Defendant is a St. Louis wholesaler and distributor of such guide wires. Plaintiffs claim that the defendant furnished Washington University, whose personnel conducted the medical procedure, the wire which was used. The complaint charged breach of an implied warranty of fitness and reasonable safety of such a wire.

The case was tried to a jury and verdicts were returned for each plaintiff.

The errors assigned relate to the insufficiency of the evidence; error in instructions; error in the receipt of two exhibits; and the claim that the verdict was the result of passion and prejudice.

A detailed statement of the evidence is unnecessary. It will be limited to the facts relevant to the discussed errors.

Mrs. Frerker entered Barnes Hospital in St. Louis for a radiological procedure. Personnel of Mallinckrodt Institute of Radiology at Washington University, St. Louis, conducted these procedures. On May 6, 1965, Dr. Koehler, a radiologist, who was in charge of the section of abdominal roentgenology for the Institute, performed a Graham dye test or a venogram on Mrs. Frerker. In the course of the procedure a catheter is advanced by means of the guide wire into the location desired in the vessel. When the catheter is in position, the guide wire is then removed. In the procedure on plaintiff a part of the guide wire, described as the flexible tip, broke off and remained in plaintiff. This was discovered when the guide wire was withdrawn.

Dr. Koehler concluded to complete the test and did so. Mrs. Frerker was then removed to St. John's Hospital in St. Louis where the same day by surgery this tip was removed.

The guide wire used in the procedure on plaintiff was known to the radiologists as a "large one." Depending on where it was measured, its outside diameter was from .0526 to .0527 of an inch. The tolerance of Kifa wires was from 52 to 54½. Converted to inches, this meant a diameter of from 52 thousandths to 54.5 thousandths. Thus the wire used on Mrs. Frerker fell within this tolerance.

Exhibits 3A and 3B were the pieces of guide wire used in Mrs. Frerker's procedure. According to Dr. Koehler they were of the same type and same caliber as a genuine Kifa wire which was in evidence as Exhibit 5. He testified that with the size of the needle used on Mrs. Frerker's body he only used Kifa guide wire and testified to the conclusion that the tip of the Kifa guide wire broke off and lodged in her vein. He further stated that he never used any other type of guide wire in the period through May 6, 1965 than a Kifa guide wire.

The record shows that between March 19, 1963 and April 23, 1963 the University purchased one B & D guide wire manufactured by Becton-Dickinson of the size .054. From Exhibit H it could be concluded, as urged by plaintiff, that this wire was purchased for the use of Dr. Marrin Friedenberg. The small Becton-Dickinson wires had an outside diameter of .036. Dr. Koehler thought that the Institute had on hand in the part where he worked on May 5 and 6 only the large Kifa wires and the small B & D wires.

It seems certain that guide wires were used more than once by the examining physician. Defendant claims that during the period of the purchase of the not to exceed 32 Kifa wires from it that based on the number of examinations testified to by Dr. Koehler guide wires would have been used on from 660 to 990 occasions.

The record contains evidence of the purchase of not to exceed 32 Kifa wires from the defendant during a period of several months prior to May, 1965. It also appears that 18 of these were returned for a reason not shown. There is no evidence from which it could be inferred if the wire was a Kifa wire that it was purchased from anyone other than the defendant.
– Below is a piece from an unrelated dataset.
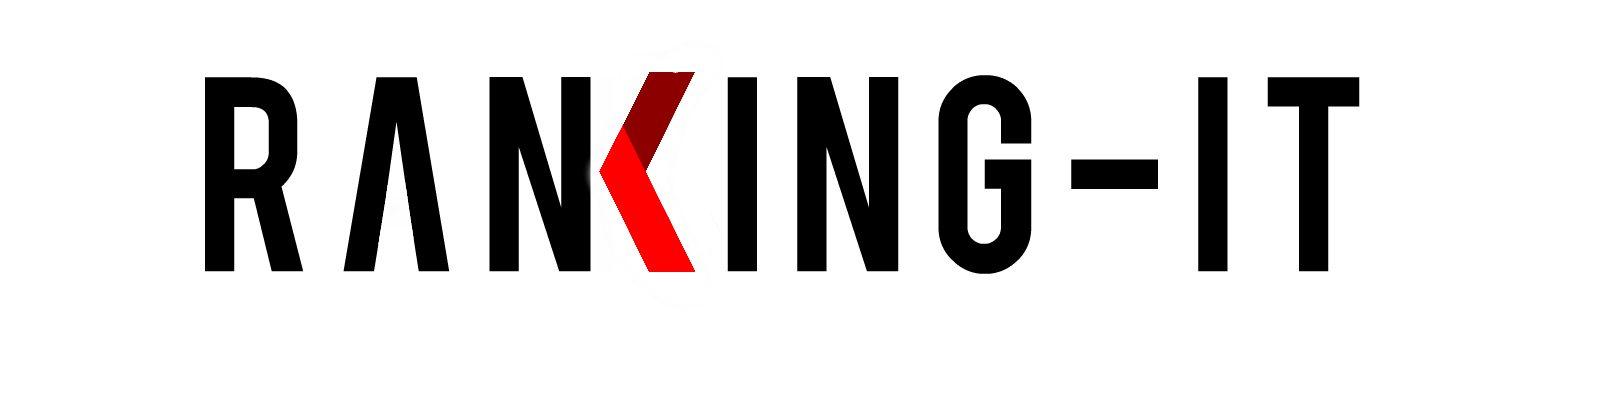 Ranking-IT

Each guide wire is delivered in a separate envelope. The envelope shows the make of the wire. Dr. Koehler testified that he didn't have anything to do with removing the wires from the package or the marking of the cloths before they were sterilized. He testified that the wire is removed from the original package before it is sterilized and that it is wrapped in a towel, labeled, and then put in a sterilizer, and thereafter sent up to his department for use. He testified that they can keep them sterile a couple of days so that they always have a supply of them on hand. The guide wires are left in the sterilized cloth until the last minute before use. After removal from the cloth there is no means of identification of the wire used. Dr. Koehler testified that the wire which broke in Mrs. Frerker's body appeared "new, or almost new" and "this wire didn't have any bends."
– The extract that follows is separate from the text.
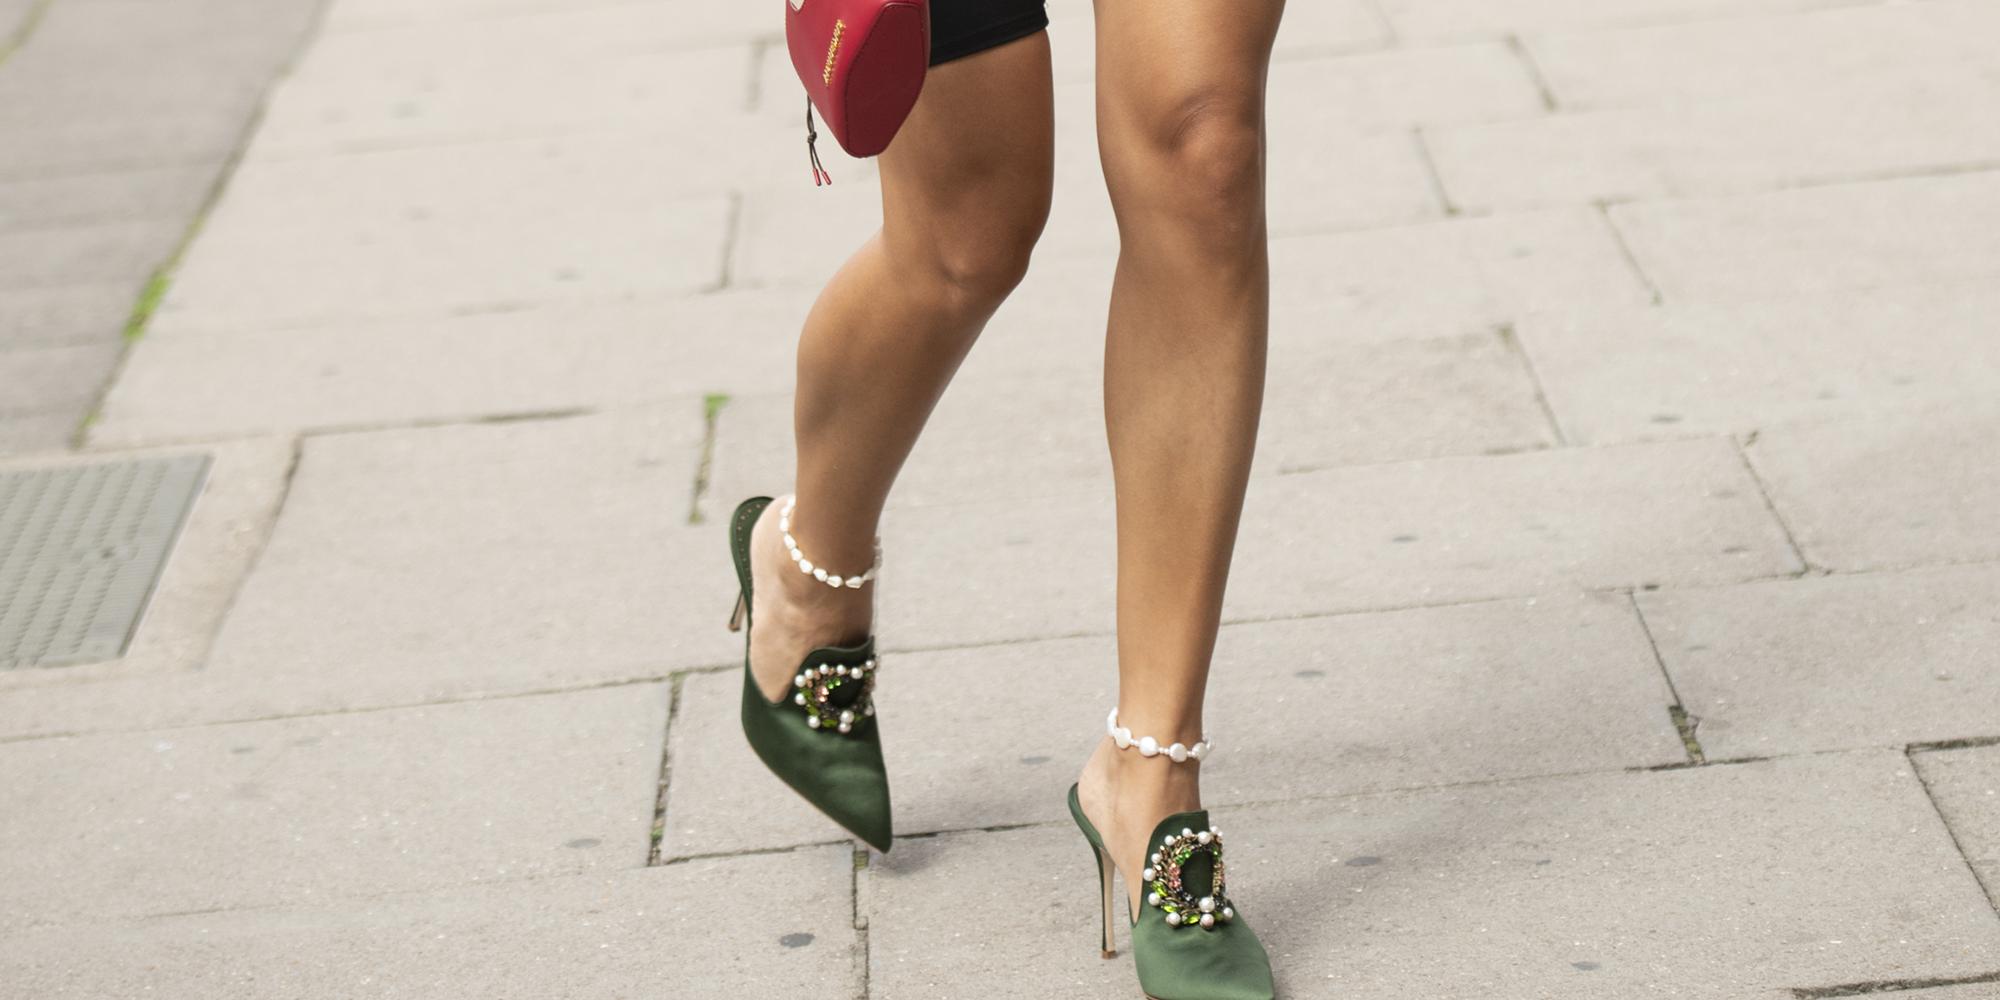 scarpe moda 2019 Manolo Blanhik tendenza

In addition to this evidence, there was received in evidence three exhibits dealing with the incident, being Exhibits 8, 8A and 12, hereafter discussed in greater detail.

The foregoing, when read with the three exhibits mentioned, is the substance of the testimony as it related to whether a Kifa wire was used in the procedure on Mrs. Frerker and whether the wire used was purchased from defendant. If the wire used was a Kifa, then it is a reasonable deduction that it was sold by defendant. There is no evidence of the purchase of Kifa wires during this period from any other supplier. The burden of establishing that it was a wire purchased from defendant, was on plaintiff. It is defendant's claim that this evidence is insufficient. Because of our ruling upon Exhibits 8A and 12, we do not need to reach this claim which is affected by whether the contents of these two exhibits can be considered.
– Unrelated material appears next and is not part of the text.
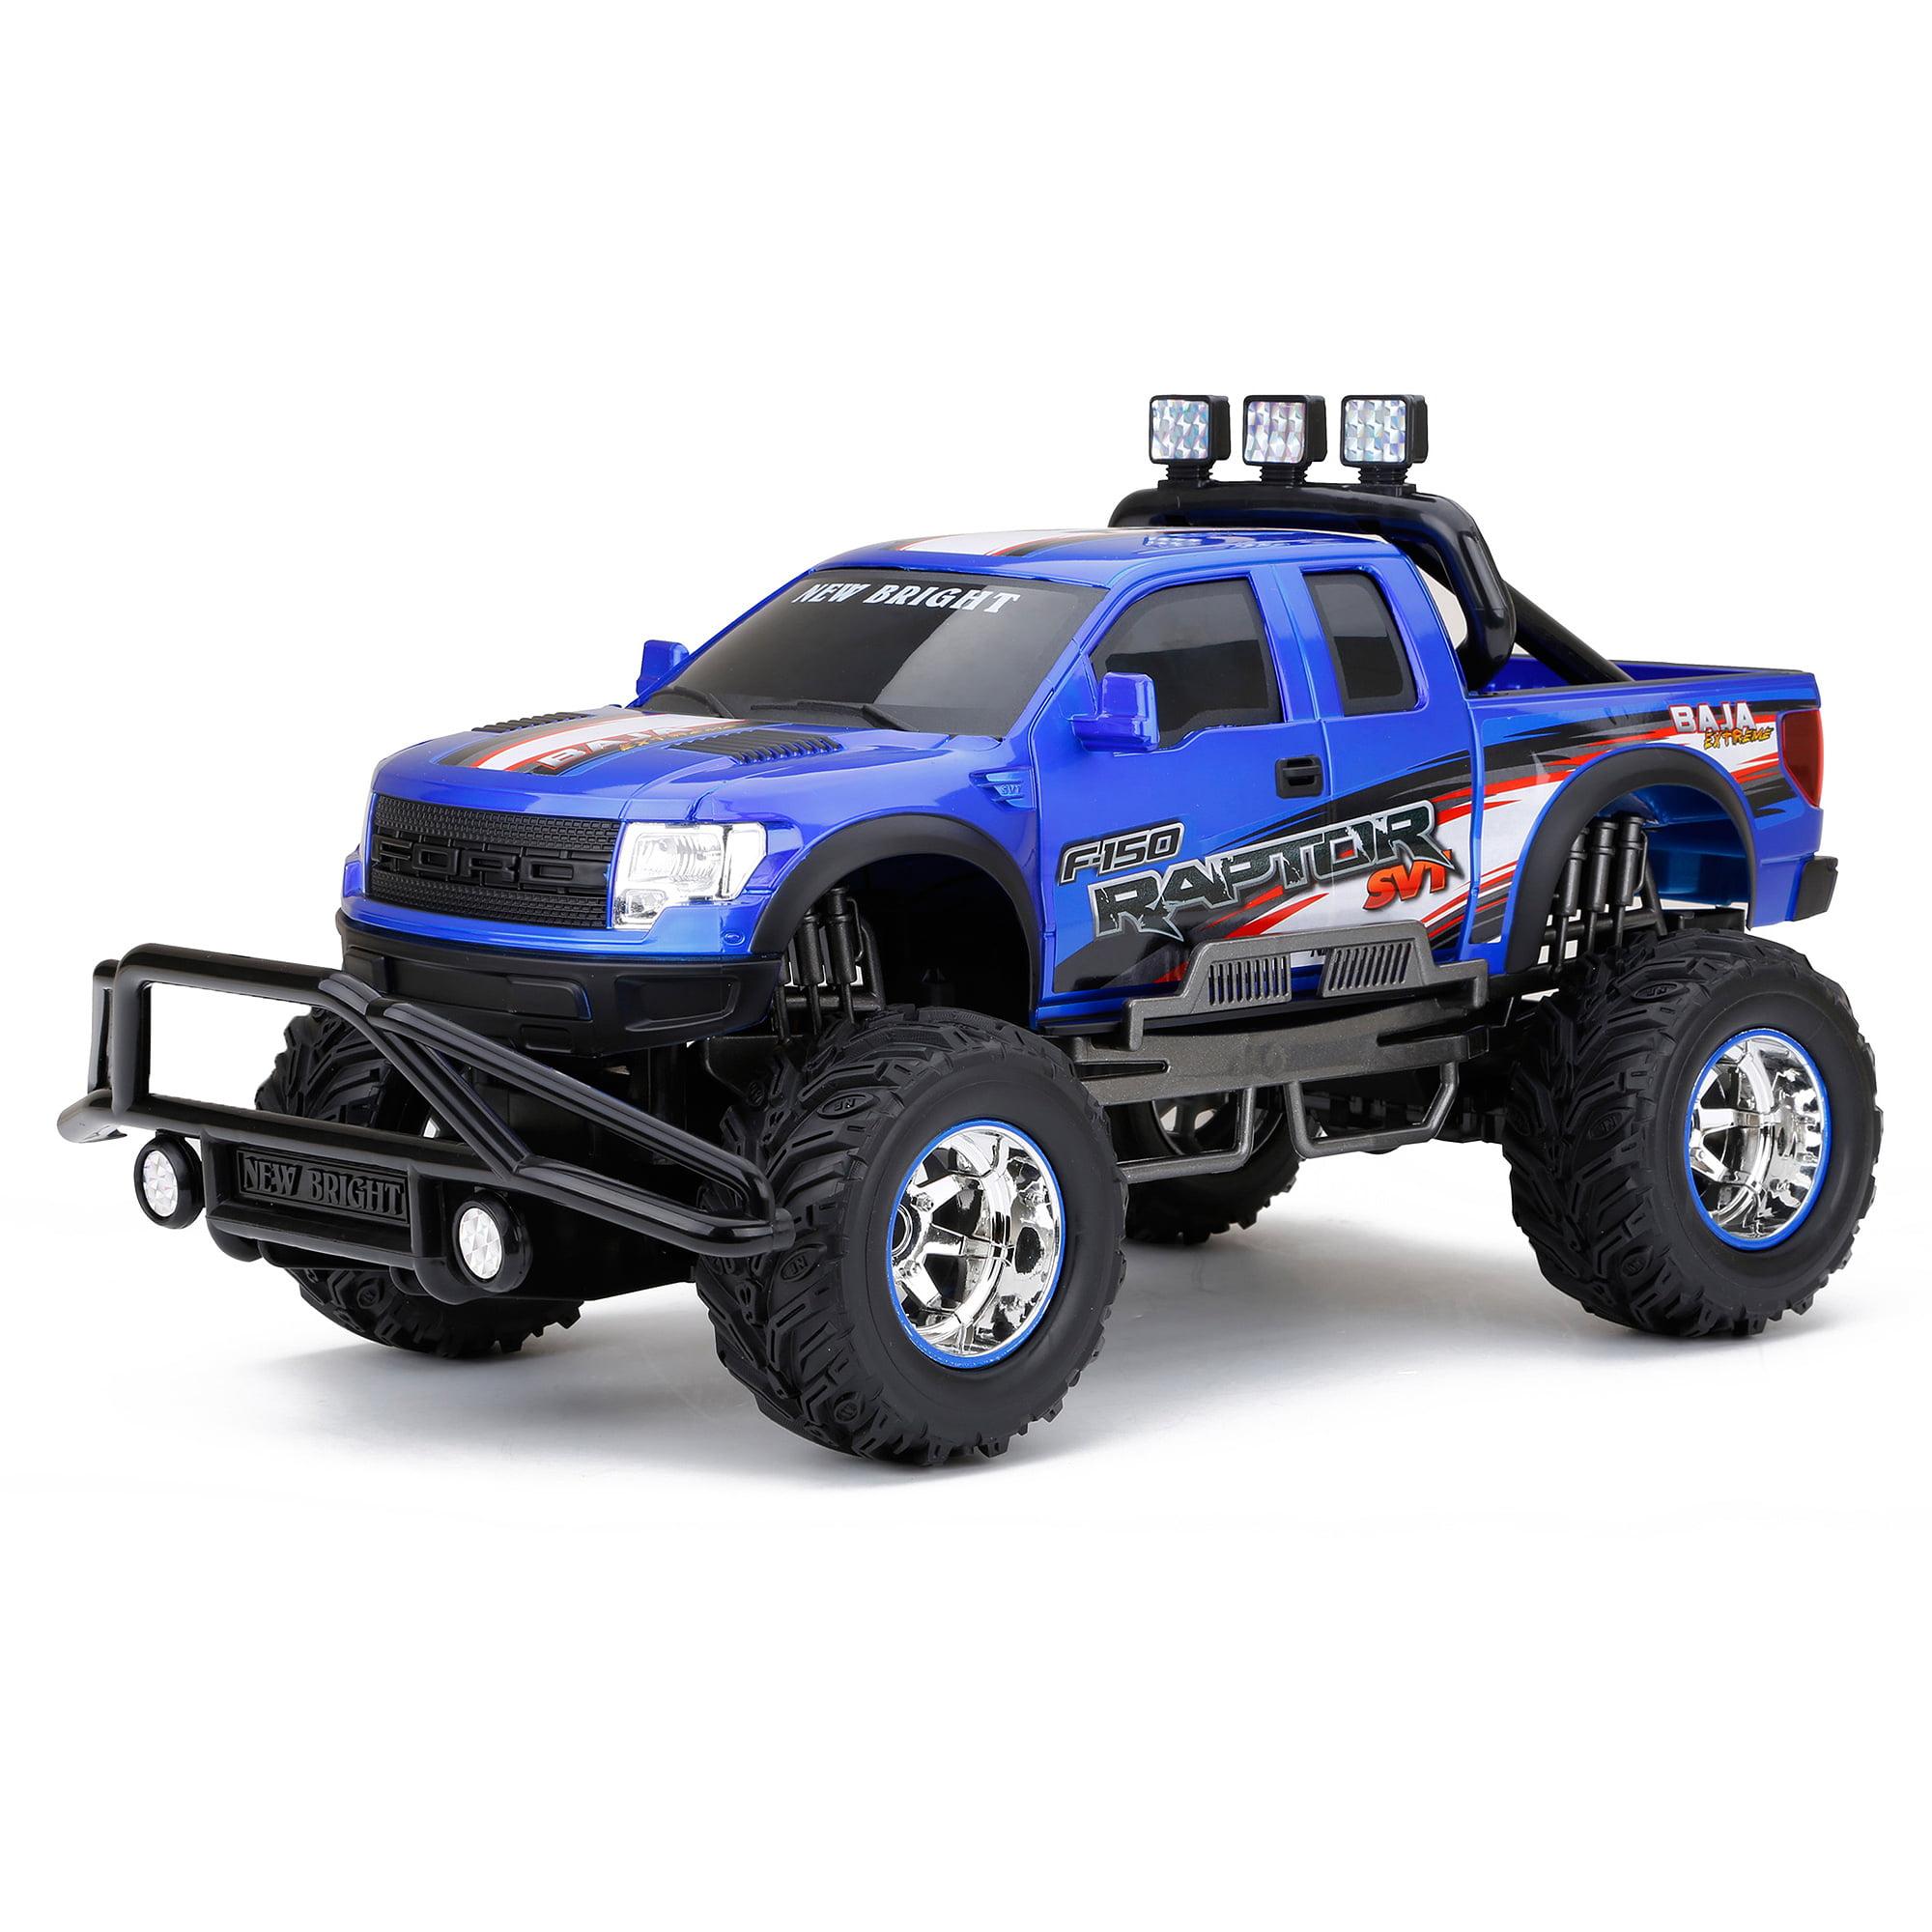 Remote Control Truck Baja Extreme Mopar Ford Rapture Ram

Likewise, we do not need to pass on the claimed error that the court omitted in its charge as an essential element of plaintiff's case to be proven by a preponderance of the evidence that the guide wire was defective when it left defendant's control. It is clear that this was an essential allegation. If the case is retried, this can be corrected. Doubtless a charge is clearer to laymen if all essential allegations to be proven by a plaintiff or by a defendant are set forth in consecutive order. We are not saying that reading the charge as a whole the jury was misled as to this issue or that it was not later included in another part of the charge, but believe that it is a claimed error that need not arise on a retrial.

We should observe that counsel are not in dispute as to the law of implied warranty applicable to the case. It is basic that there is an implied warranty of fitness for the purpose for which the wire was offered for sale and an implied warranty of quality. While most of the reported cases for breach of the implied warranty are against the manufacturer, a distributor or supplier is liable as well for breach of an implied warranty.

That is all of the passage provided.